Вчера в беседе с королем Ришелье в очередной раз все поставил на карту. Поставил и выиграл! Маршал д'Эстре наверняка уже приехал в Компьен, чтобы забрать у матери-королевы ее переписку. Мой Бог, до чего же эта женщина любит переписываться — и с сыном Гастоном, и с невесткой, королевой Анной Австрийской, и с дочерью, королевой Испании Изабеллой, и с племянником, герцогом Флорентийским, и даже с папой Римским. Он знал об этой ее страсти давно, еще с тех пор, когда был ее духовником.
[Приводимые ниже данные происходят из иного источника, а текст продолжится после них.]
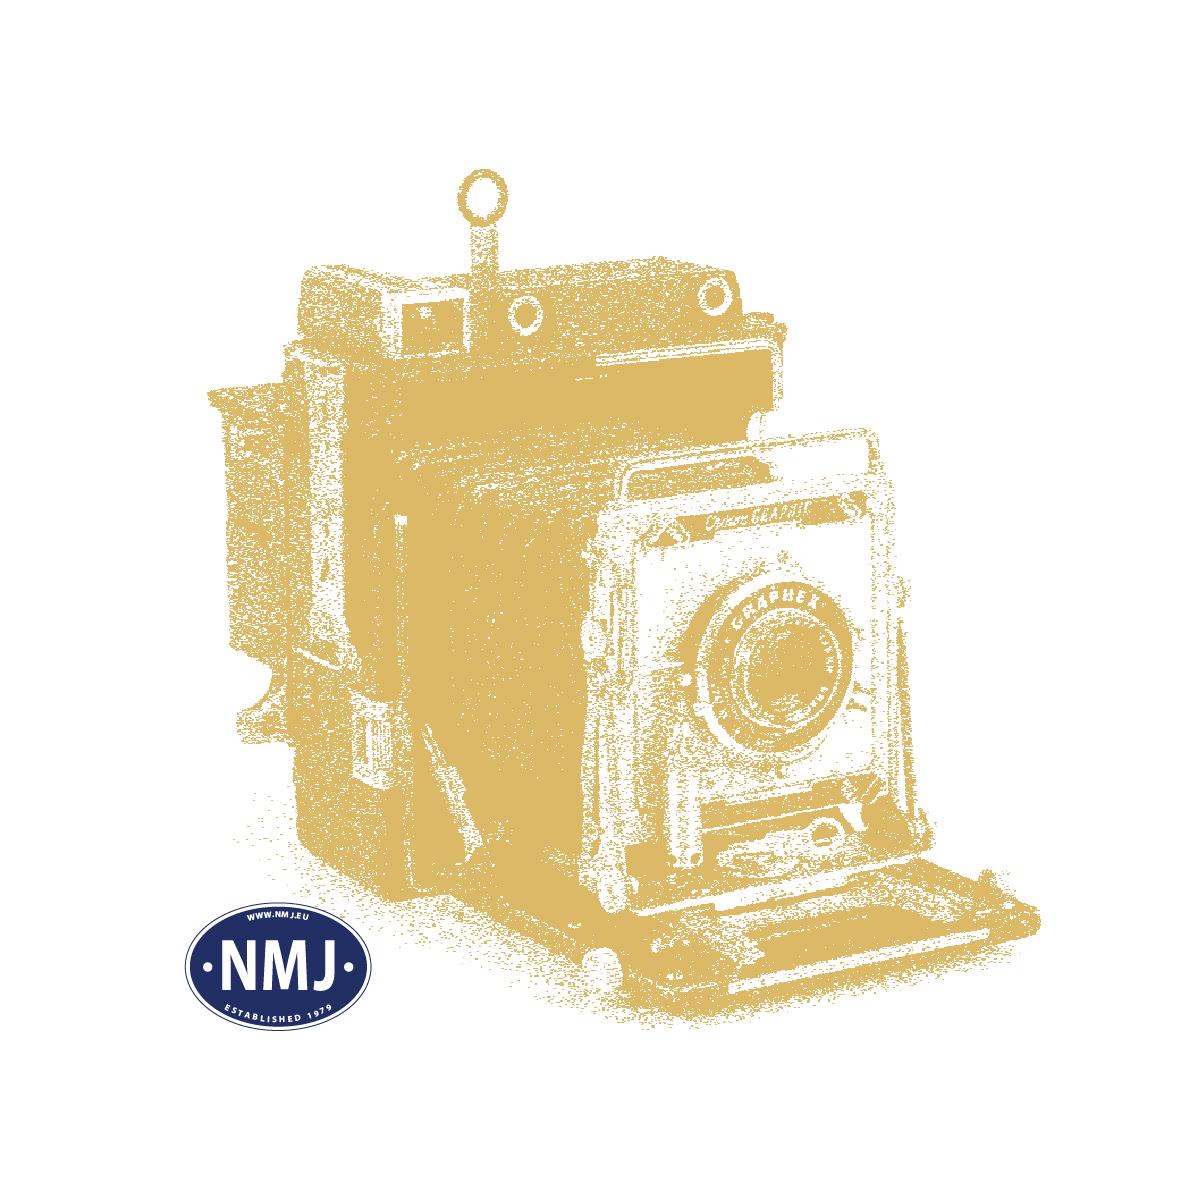 FAL180201 - Dobbel Gatelampe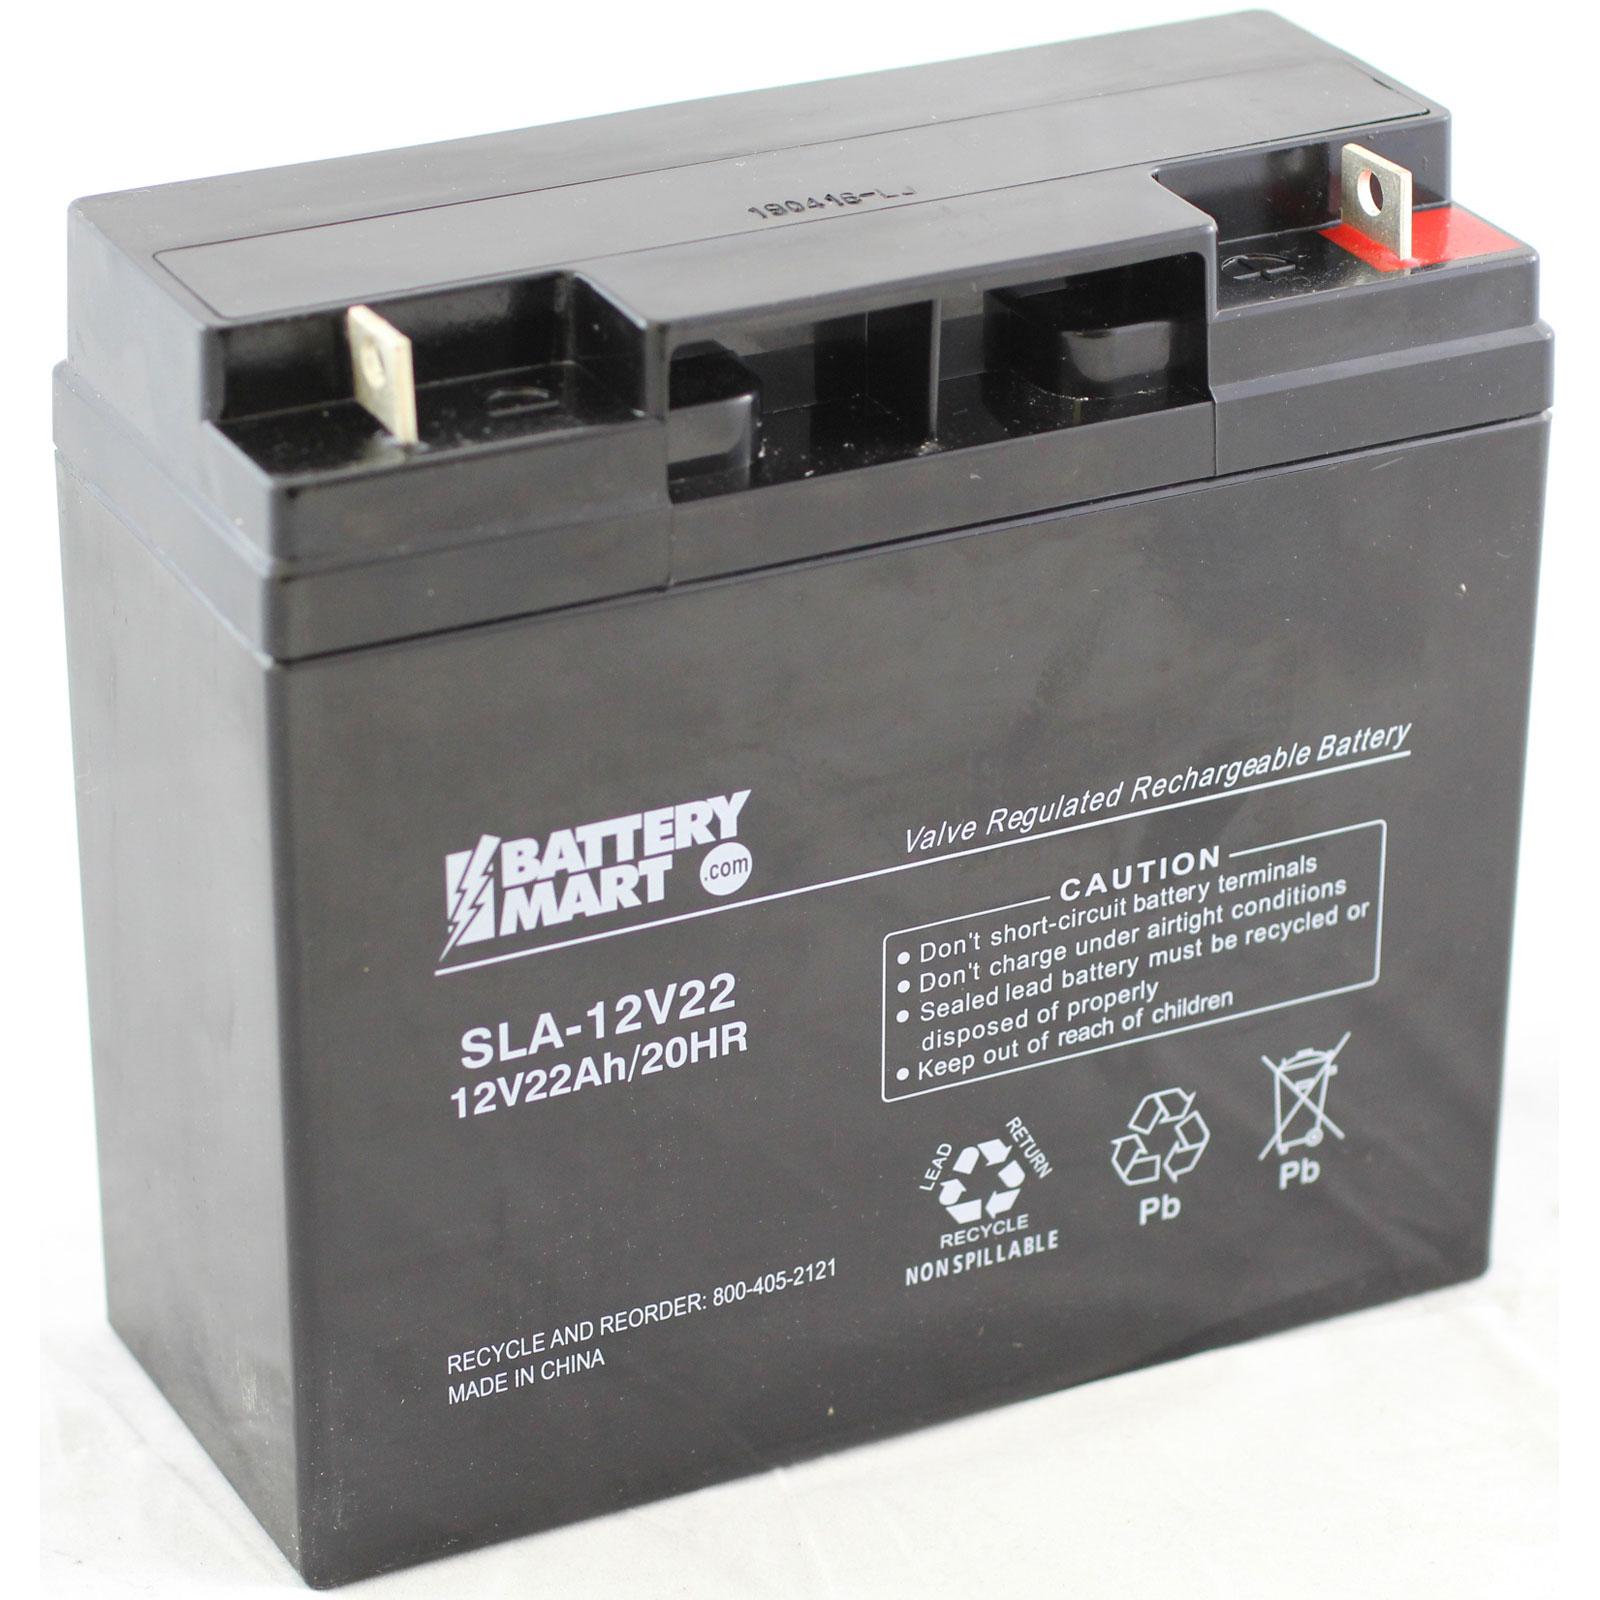 12 Volt 22 Ah Sealed Lead Acid Rechargeable Battery

И еще он был уверен, что даже самая осторожная, предусмотрительная женщина никогда не уничтожает всех писем. Дамы обожают хранить эти свидетельства дружбы, любви, измены и, Бог знает, чего еще. Но надо признаться, мысль заполучить письма подсказало ему донесение графа де Рошфора, где он пересказывал свою болтовню с фрейлиной королевы де Фаржи. Именно она рассказала, что Анна ненавидит свою так называемую закадычную подругу юности герцогиню ди Лима. Как истая женщина, Анна сразу догадалась, зачем приехала в Париж красавица-испанка. А вот ему, кардиналу, пришлось некоторое время разгадывать этот дамский ребус…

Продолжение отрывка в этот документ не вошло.